Atlanta’s Disciplined Retail Market Ready to Face Headwinds from REITs, Amazon

by John Nelson

A decade ago, the Atlanta retail market was a house of cards. It was clear to see this if you were in the industry at the time, and possibly even if you weren’t. Based on the intense overbuilding that had taken place, it wouldn’t have taken a worldwide economic meltdown to wreck it, though that didn’t help. Literally hundreds of unanchored retail centers had cropped up all over suburbia, fitting directly into everything that people consider to be negative about shopping centers.

The formula for developers was to scrape every tree from a piece of land, cover it with asphalt and an inexpensively constructed building, then fill it with whatever tenants they could find. The result was largely a glut of properties with poor intrinsic values: mid-block sites, odd shaped layouts, challenging access, uninspired, non-credit tenants with high rents. This would, of course, turn out to be unsustainable.

Jeff Enck, Shane Investment Property Group

Jeff Enck, Shane Investment Property Group

To be fair, not every property was developed in this fashion. Atlanta was and still is home to many excellent retail developers that know how to create amazing projects. But many look back to the 2000s in Atlanta as a time of cookie cutter development with inexperienced builders playing a game of musical chairs, trying to cash out before the whole thing collapsed.

So where we are now? The economy has been in expansion since the second quarter of 2009, and many fear that a downturn may be looming. Some brokers and investors are claiming that a change is starting to occur.

Statistically Speaking
Retail investment sales in the Atlanta market have modestly declined in velocity and pricing through the first half of 2017. What people have been describing as overall softness can be specifically quantified as an approximate 8.4 percent drop off in sales volume compared to 2016, as well as a 12.6 percent decline in price per square foot, with cap rates remaining flat at 7 percent for private capital-sized retail properties between $750,000 and $30 million.

There does not appear to be cause for alarm, nor is there a looming threat of a repeat of the rapid economic meltdown that occurred in 2008. In tracking retail returns nationally, equity price levels have returned to the 2015 levels, down from the recent peak in mid-2016. Investor sentiment in Atlanta is showing caution, as buyers are demanding value and higher unleveraged returns based on higher cost of capital following two 2017 interest rate hikes.

Overcoming the Headwinds
The reasons for the recent modest decline are fairly intuitive. Factors that have had some effect on REIT activity include holdbacks due to the election, the perceived “Amazon effect,” investors anticipating lower cash returns and fewer buyers/lower competition to buy properties.

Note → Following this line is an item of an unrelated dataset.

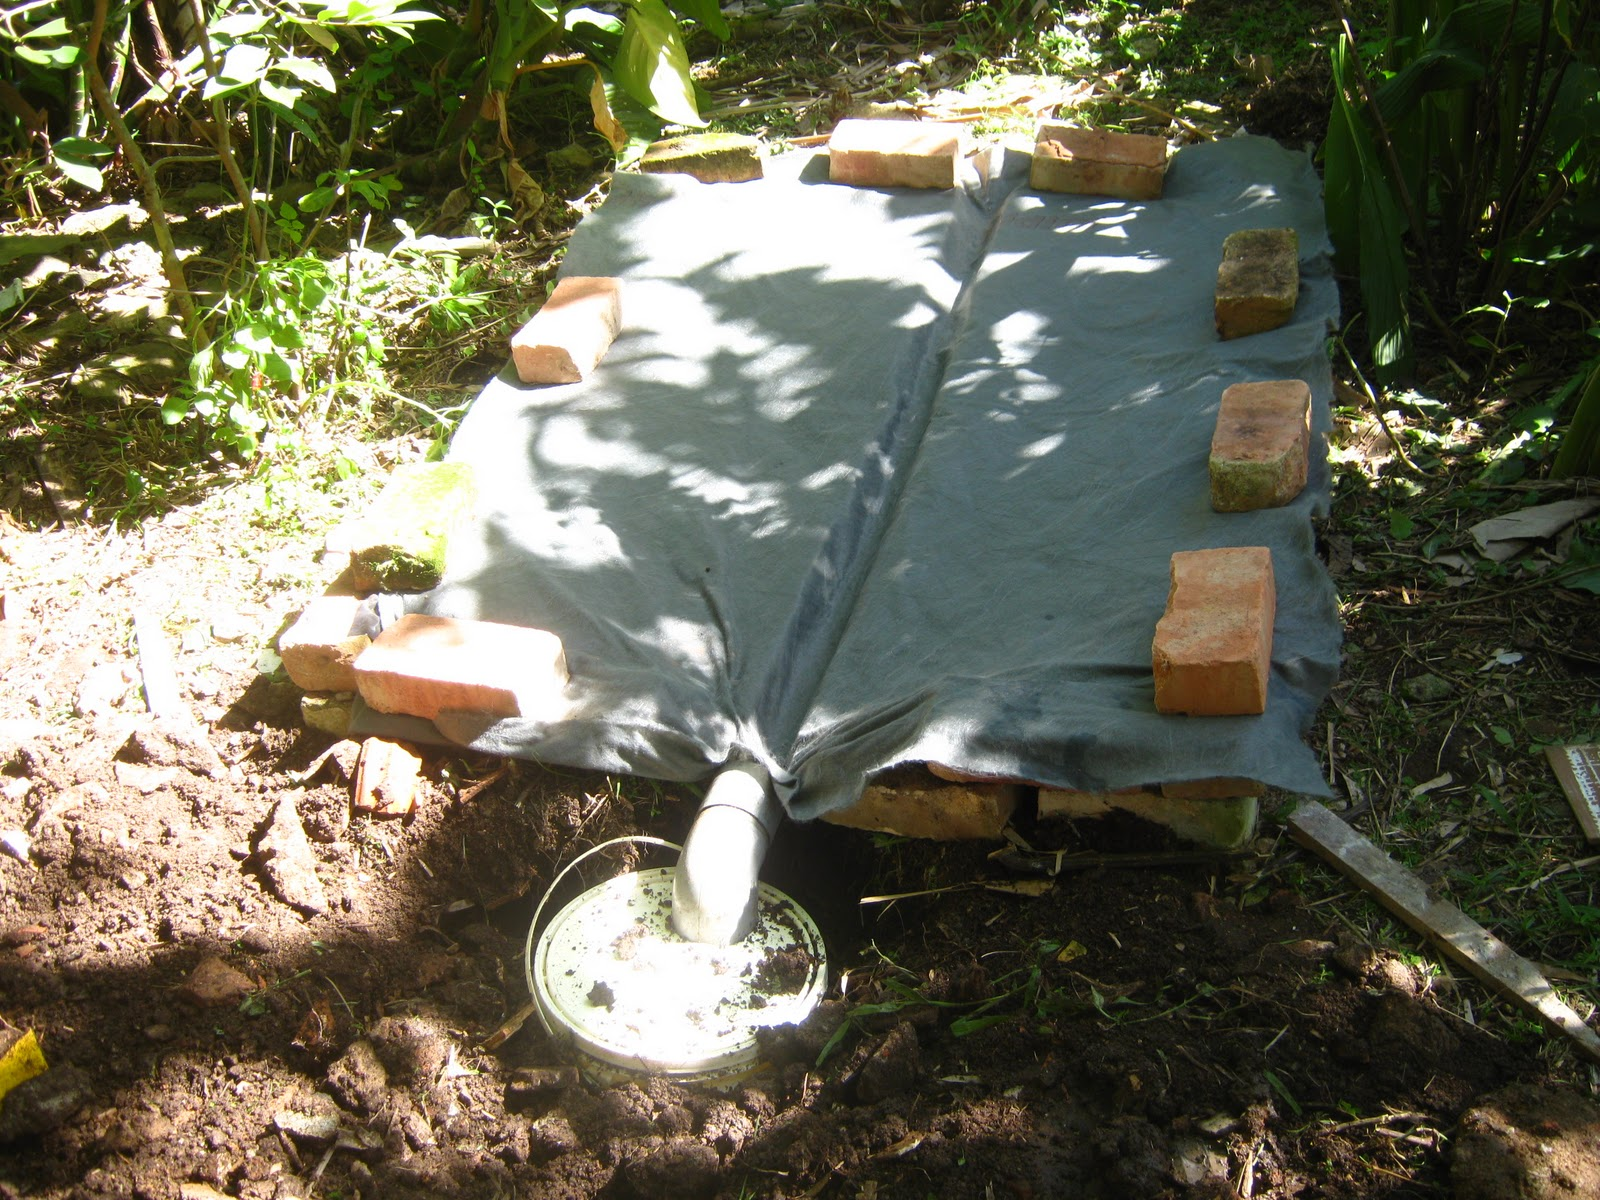 Banheiro Seco ecológico: Capacitação para implantação e  #8F7E3C 1600 1200

However, with the overall economy continuing to do well (1.2 million new jobs nationally and 63,000 in the Atlanta MSA since January), the weakening from these factors has been minor. Several buyer categories have been noticeably less active in REITs and international investors, however a good number of buyers still have capital and lenders are still putting money into retail real estate.

The good news is that the intrinsic data does not indicate the telltale doom of the pre-recession boom days. There is virtually no overbuilding in Atlanta retail. Throughout the current expansion part of the cycle, Atlanta area developments have been noted to mostly be unique projects featuring live-work-play environments and adaptive reuse projects.

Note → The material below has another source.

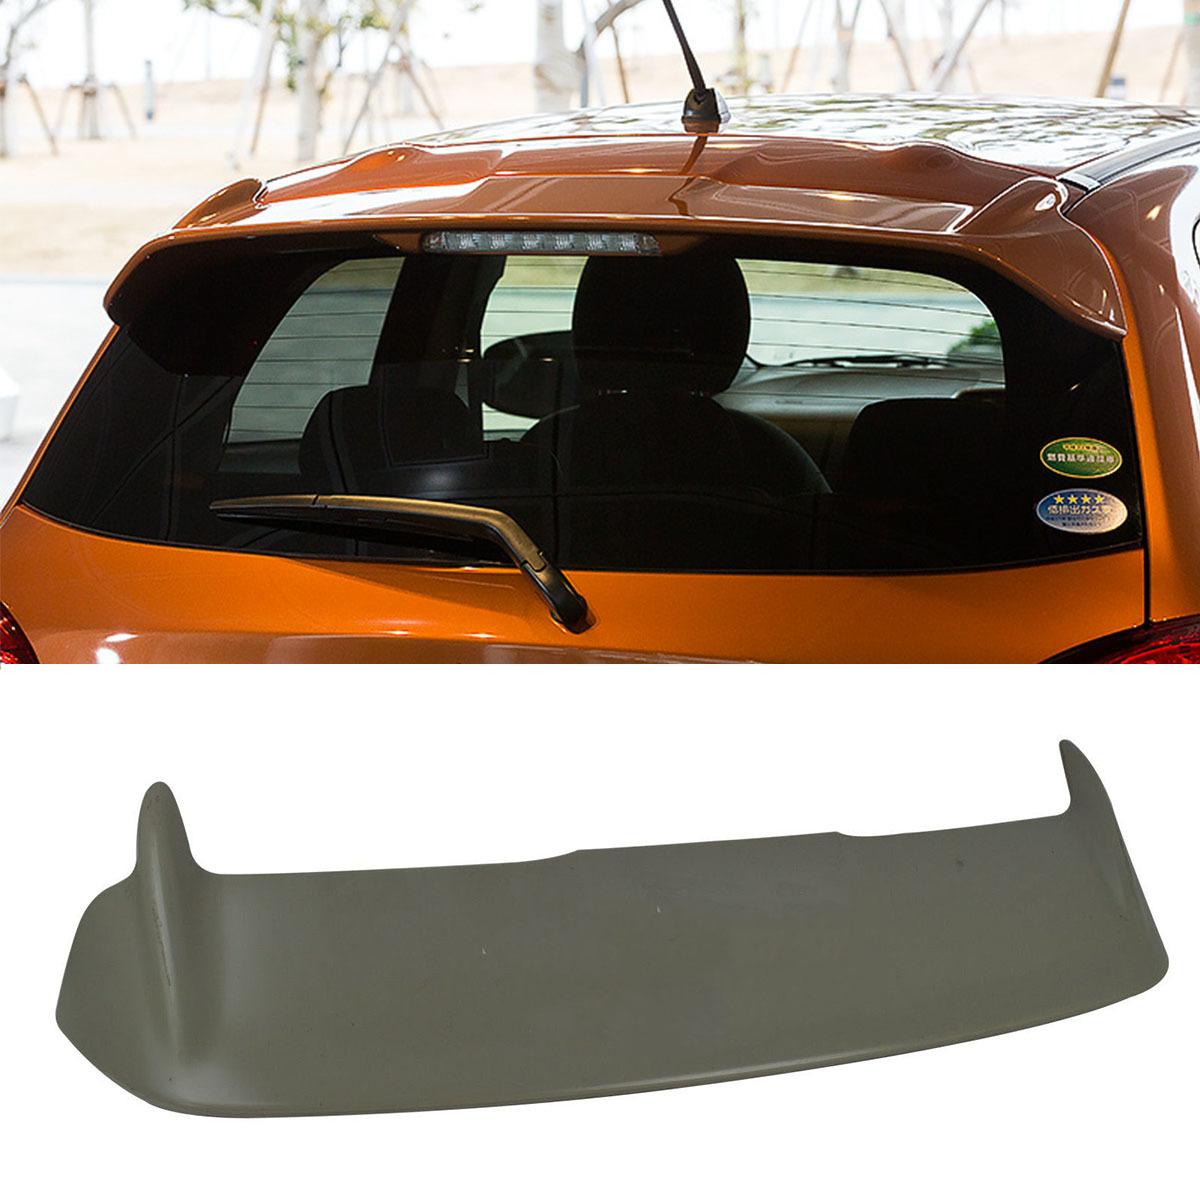 三菱 新型ミラージュ 12-15 純正色塗装 ルーフスポイラー 色付 ルーフエンドスポイラー ウィングスポイラー リアスポイラー エアロ ABS_画像1

If the economic cycle that peaked in 2006 featured mass overbuilding, with more mid-block suburban strip centers at $30 per square foot rents than you could count, the hallmark of the new Atlanta cycle has been intelligent and desirable mixed-use projects that provide value and interest to customers and tenants.

Large-Scale Projects
The cases in point are well known. With Avalon, North American Properties took over a partially started and abandoned development in Alpharetta and shaped it with Whole Foods Market and boutique dining and shopping in a downtown-style layout featuring a movie theater, offices, apartments and single-family residences.

Ponce City Market, perhaps Atlanta’s best known adaptive reuse project, took a 1920s-era brick warehouse factory and converted it into a beautifully hip, multi-level retail, office and living experience with a unique dining hall and upper-end retailers such as Anthropologie and J. Crew.

The most recent new development of note is the new Battery Atlanta connected to SunTrust Park, the brand new Braves stadium. The Battery features 400,000 square feet of boutique retail and restaurants, a nine-story Comcast office building, an Omni hotel and 530 multifamily residences.

Outlook
Atlanta still has its fair share of traditional shopping centers, but the more everyday retail centers are grounded in sustainable rent levels and occupancy. Current average retail rents throughout all retail across the MSA are $13.55 per square foot, and vacancy is at 5.8 percent. These are numbers that allow most of us to sleep well at night.

But what is perhaps most on everyone’s mind at the moment is the so-called “death by Amazon” phenomenon. This is seen by many as the largest concern for retail, though opinions differ on what effect Amazon actually equates to.

It should be noted that many sectors of retail remain in high growth. Among these are convenience stores, restaurants, discount grocers, dollar stores and other service-oriented businesses. It is also quite interesting to note that more retail stores will open in 2017 than are slated to close.